A New Feature Vector Based on Gene Ontology Terms for Protein-Protein Interaction Prediction
IEEE/ACM Transactions on Computational Biology and Bioinformatics
Protein-protein interaction (PPI) plays a key role in understanding cellular mechanisms in different organisms. Many supervised classifiers like Random Forest (RF) and Support Vector Machine (SVM) have been used for intra or inter-species interaction prediction. For improving the prediction performance, in this paper we propose a novel set of features to represent a protein pair using their annotated Gene Ontology (GO) terms, including their ancestors. In our approach, a protein pair is treated as a document (bag of words), where the terms annotating the two proteins represent the words.
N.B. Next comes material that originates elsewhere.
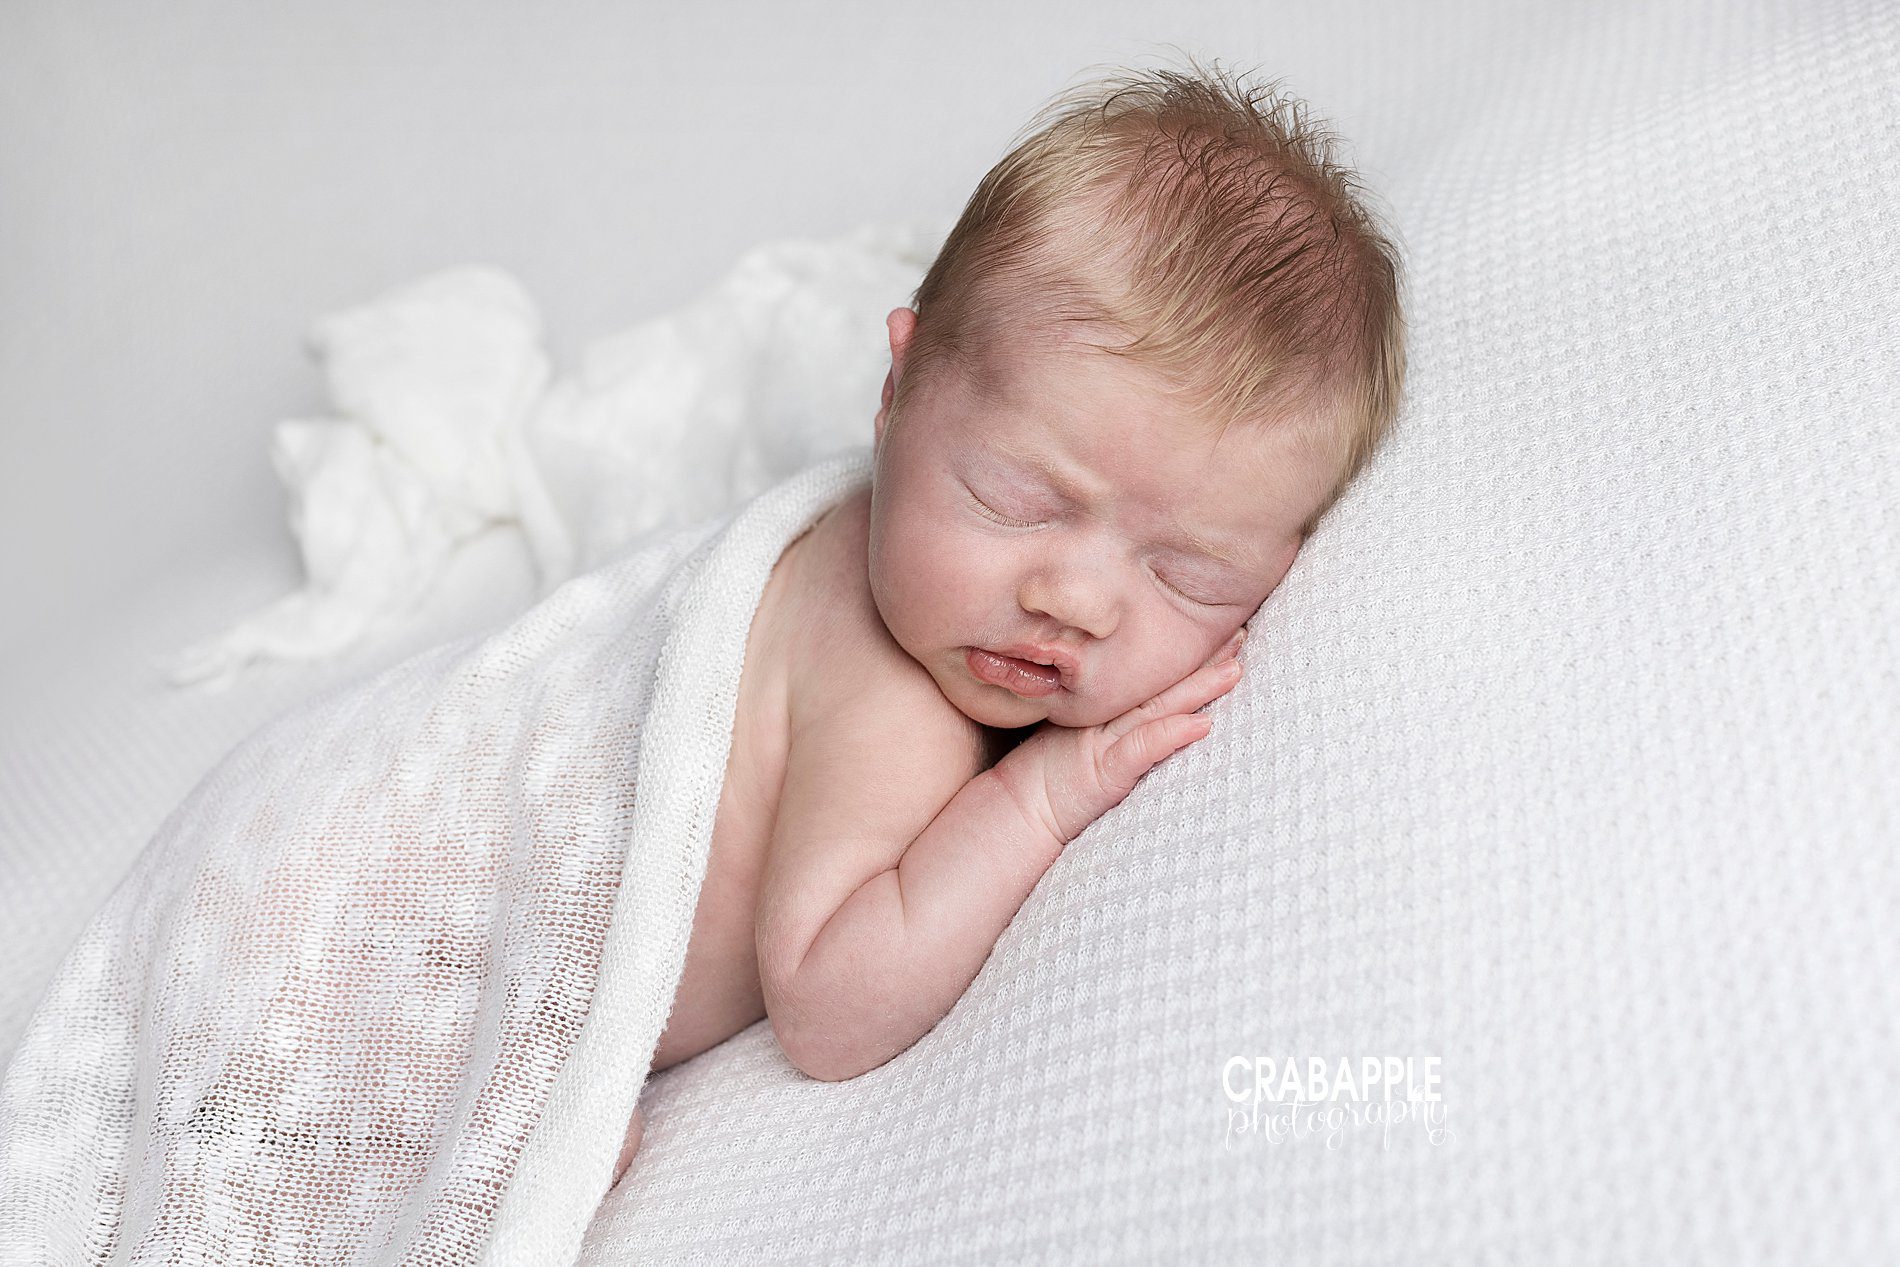 Newborn baby girl photos using all white blankets and swaddles. Clean and simple baby portrait ideas.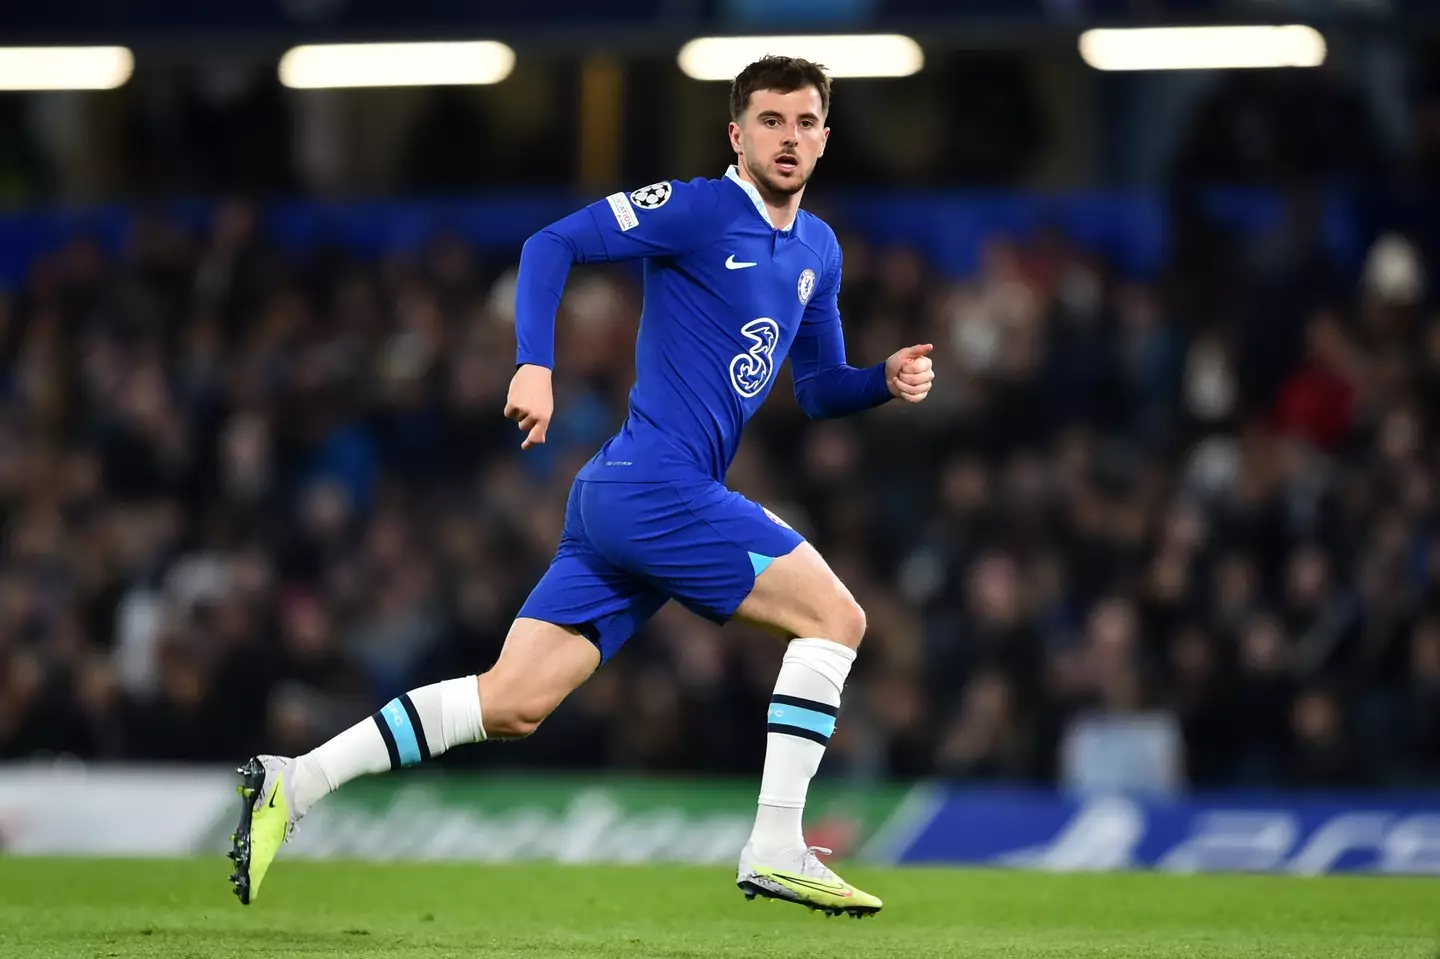 Mason Mount in action for Chelsea. Image: Getty

Feature value of each word is calculated using information content of the corresponding term multiplied by a coefficient, which represents the weight of that term inside a document (i.e., a protein pair). We have tested the performance of the classifier using the proposed feature on different well known data sets of different species like S. cerevisiae, H. Sapiens, E. Coli, and D. melanogaster. We compare it with the other GO based feature representation technique, and demonstrate its competitive performance.
Bandyopadhyay, Sanghamitra and Mallick, Koushik, "A New Feature Vector Based on Gene Ontology Terms for Protein-Protein Interaction Prediction" (2017). Journal Articles. 2500.